Comment produire du béton carboneutre?

Publié le 1 juin 2021
Un paysage de tours à Vancouver et de grues présentes pour des travaux de construction.
Le béton est encore majoritairement utilisé dans la construction en Colombie-Britannique.PHOTO : La Presse canadienne / Darryl Dyck

« Ça va prendre vraiment beaucoup d'efforts puisque le béton à neutralité carbone n'existe pas encore, il faut faire de la recherche », prévient Nemy Banthia, professeur en génie civil au département d'ingénierie à l'Université de la Colombie-Britannique (UBC).

Le gouvernement de Justin Trudeau s'attaque à l'empreinte carbone du béton et du ciment.

Ottawa a dévoilé lundi une vaste stratégie pour tenter de réduire les émissions de l’un des secteurs les plus polluants au pays.

Le béton est la substance la plus utilisée au monde après l'eau, et son industrie rejette 2,8 milliards de tonnes de dioxyde de carbone dans l'atmosphère chaque année. « Si l’industrie du ciment était un pays, elle serait la troisième émettrice de dioxyde de carbone », ajoute Nemy Banthia.

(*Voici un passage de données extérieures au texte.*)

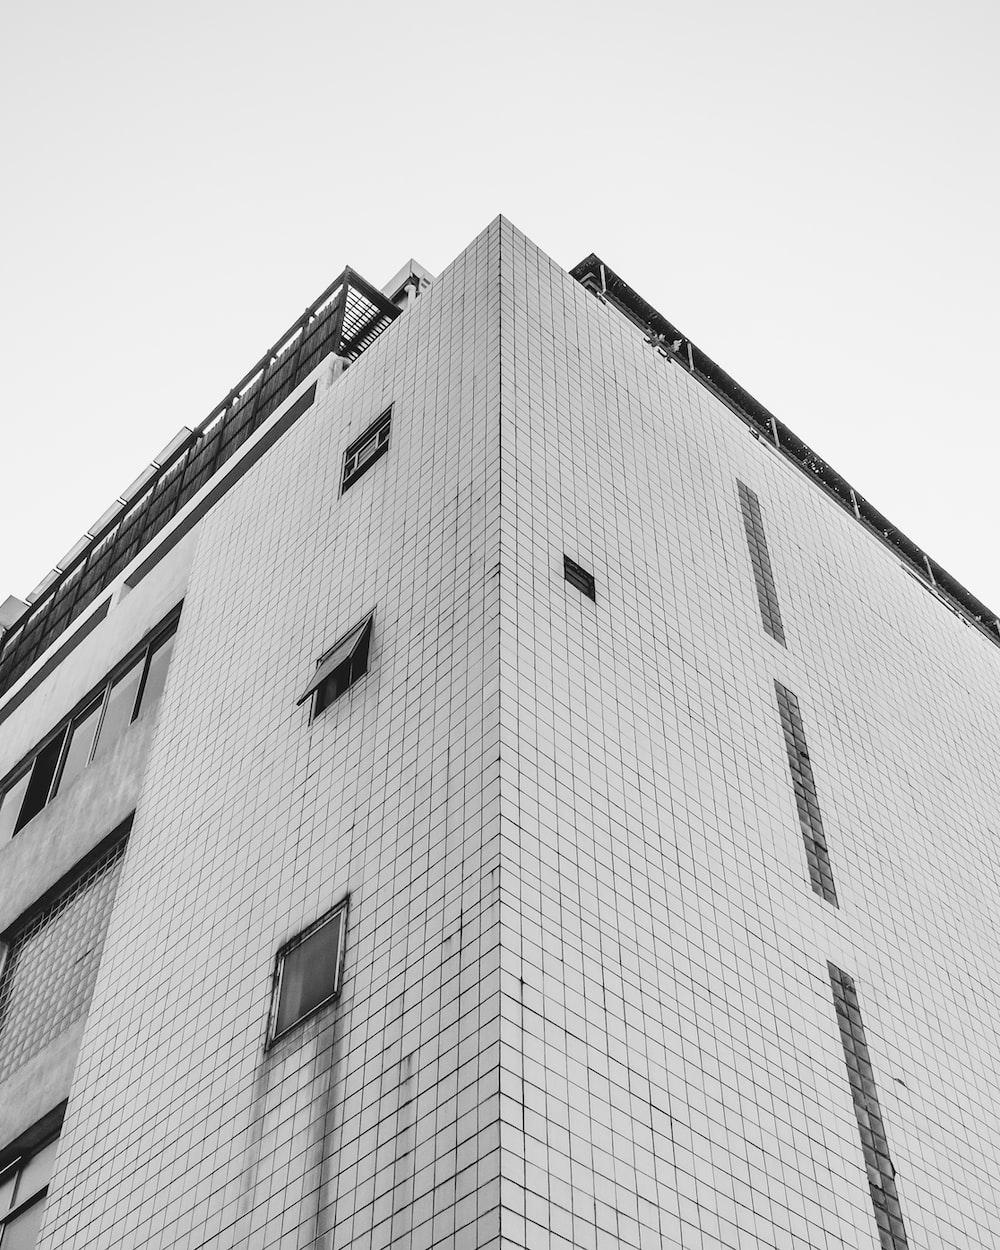 gray concrete building

« Le ciment produit beaucoup de dioxyde de carbone : une tonne de ciment produit une tonne de dioxyde de carbone. »

—  Nemy Banthia, professeur en génie civil au département d'ingénierie à l'Université de la Colombie-Britannique (UBC)

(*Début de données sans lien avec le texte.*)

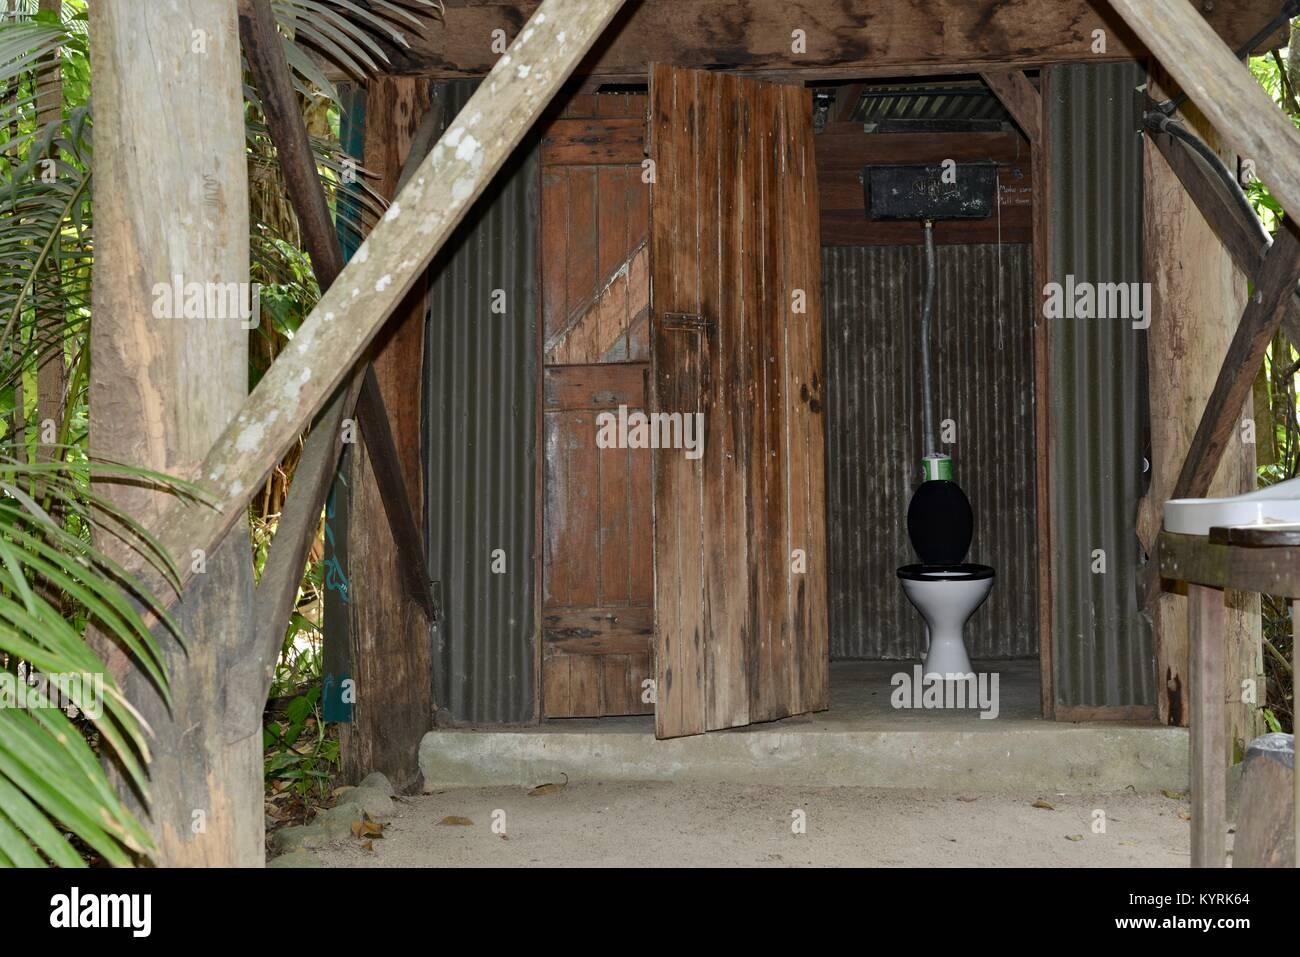 Wc o outback dunny en un edificio de madera de estilo antiguo en un ...

Des alternatives plus vertes existent pourtant, et c'est là-dessus que veut miser le Canada pour atteindre la carboneutralité du béton d'ici 2050. Pour Nemy Banthia, il est possible d’atteindre cette carboneutralité du béton grâce à plusieurs innovations, dont l’utilisation d’un liant écologique dans la conception du béton, la pratique de l’économie circulaire, ou l’utilisation de pneus.

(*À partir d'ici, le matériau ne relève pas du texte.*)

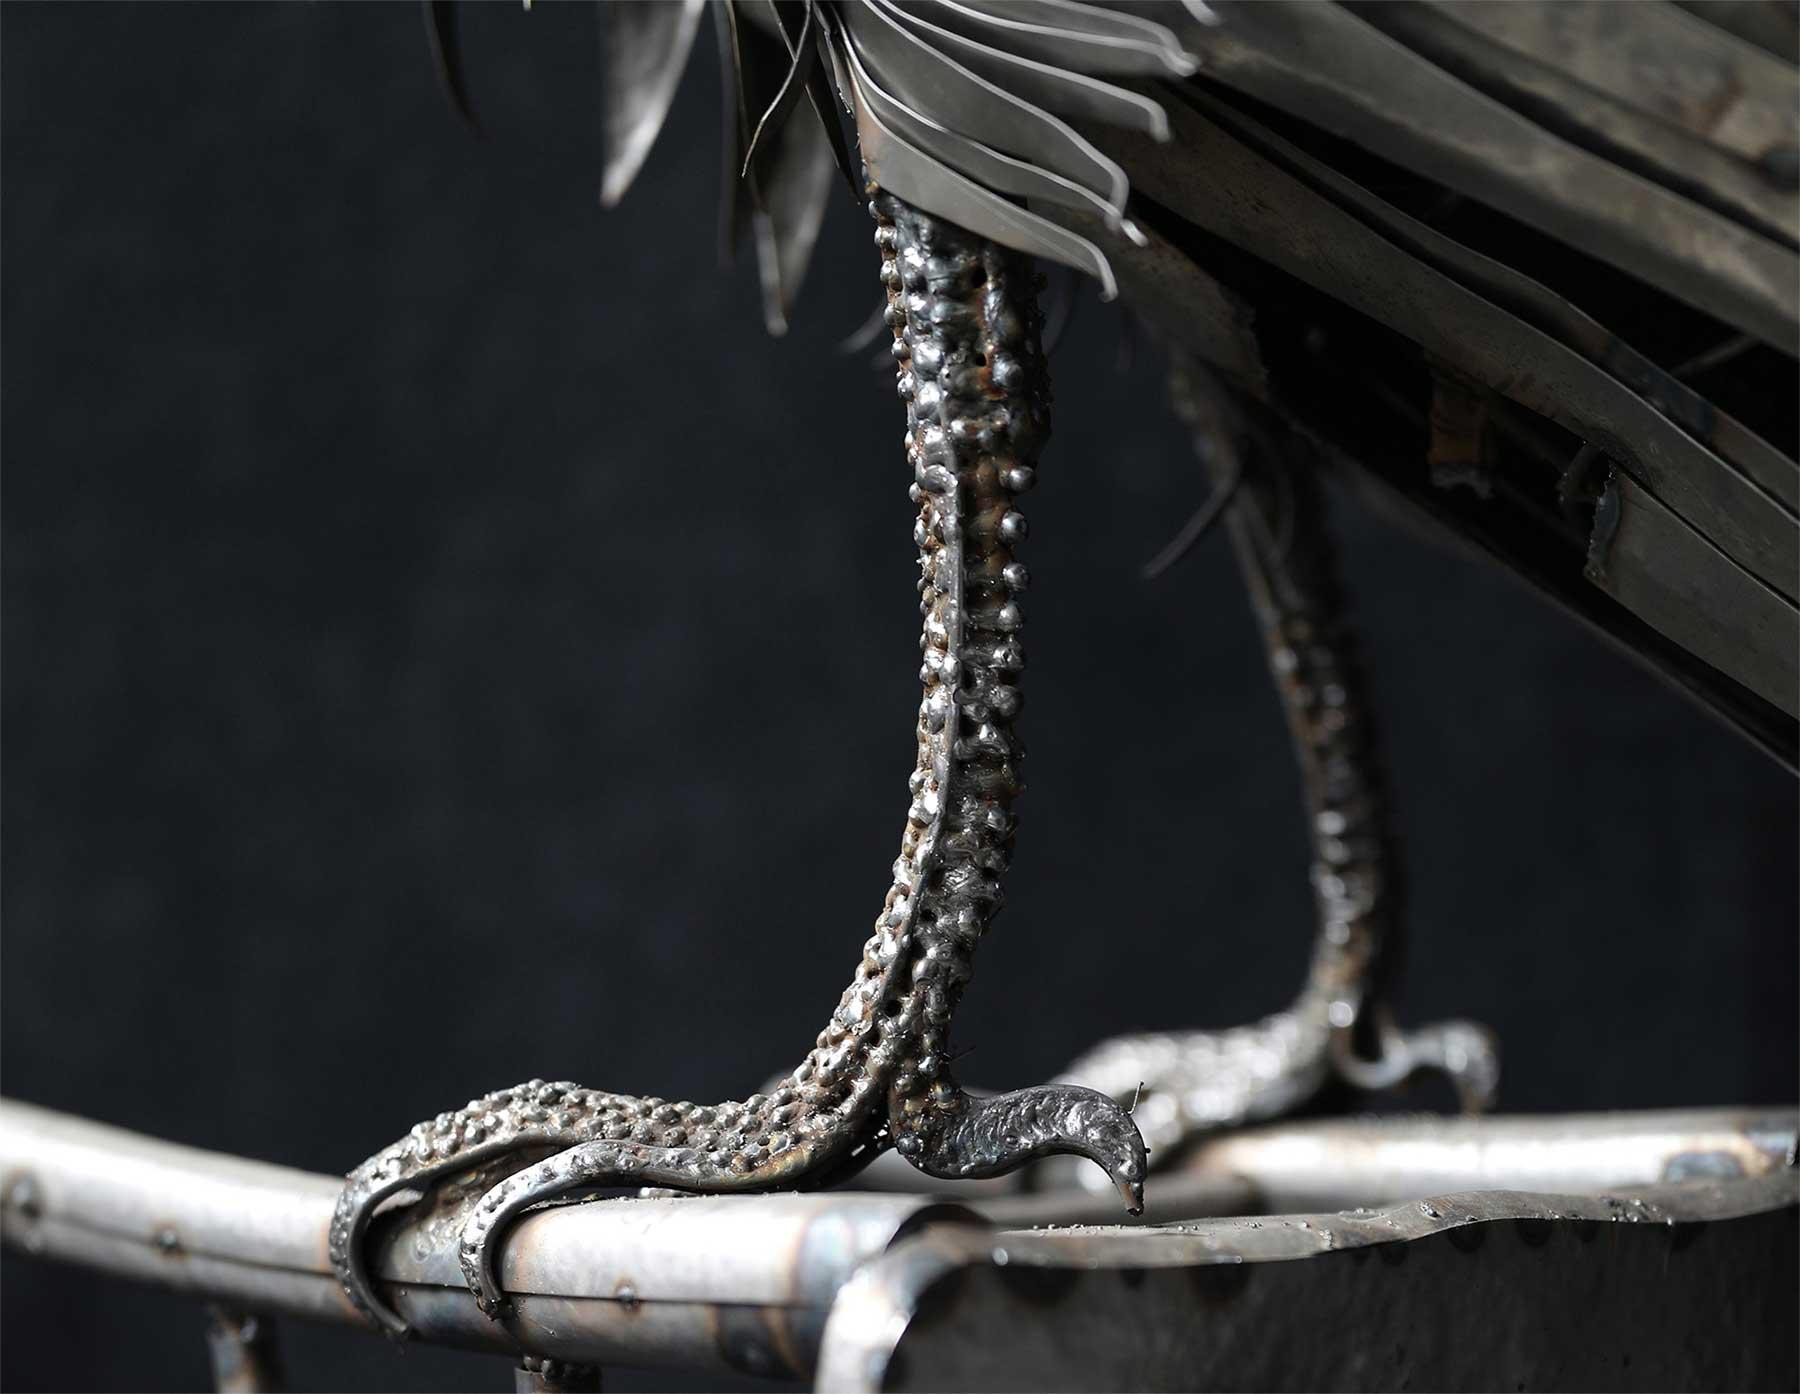 Geniale Altmetall-Skulpturen von Selçuk Yılmaz selcuk-yilmaz-metallskulpturen-2020_07

« On peut créer les structures du béton avec une imprimante 3D. »

—  Nemy Banthia, professeur en génie civil au département d'ingénierie à l'Université de la Colombie-Britannique (UBC)

Il est en effet possible d'extraire les fibres contenues dans les pneus usagés pour les incorporer au béton : En C.-B., on produit 4 millions de pneus chaque année, et on peut tous les utiliser dans le béton, note le professeur en génie civil à UBC.

Selon M. Banthia, la carboneutralité est possible, mais c’est un grand défi : Il y a des défis technologiques qui existent, ça va prendre beaucoup de recherche et d’innovation, juge-t-il.

Le béton risque donc d'être le matériau le plus utilisé dans la construction pendant encore plusieurs années, et le remplacer ne sera pas une mince affaire : Ça va être tellement difficile, parce que le béton est très peu cher [...] quand on fait la comparaison avec l’acier ou le bois, conclut Nemy Banthia.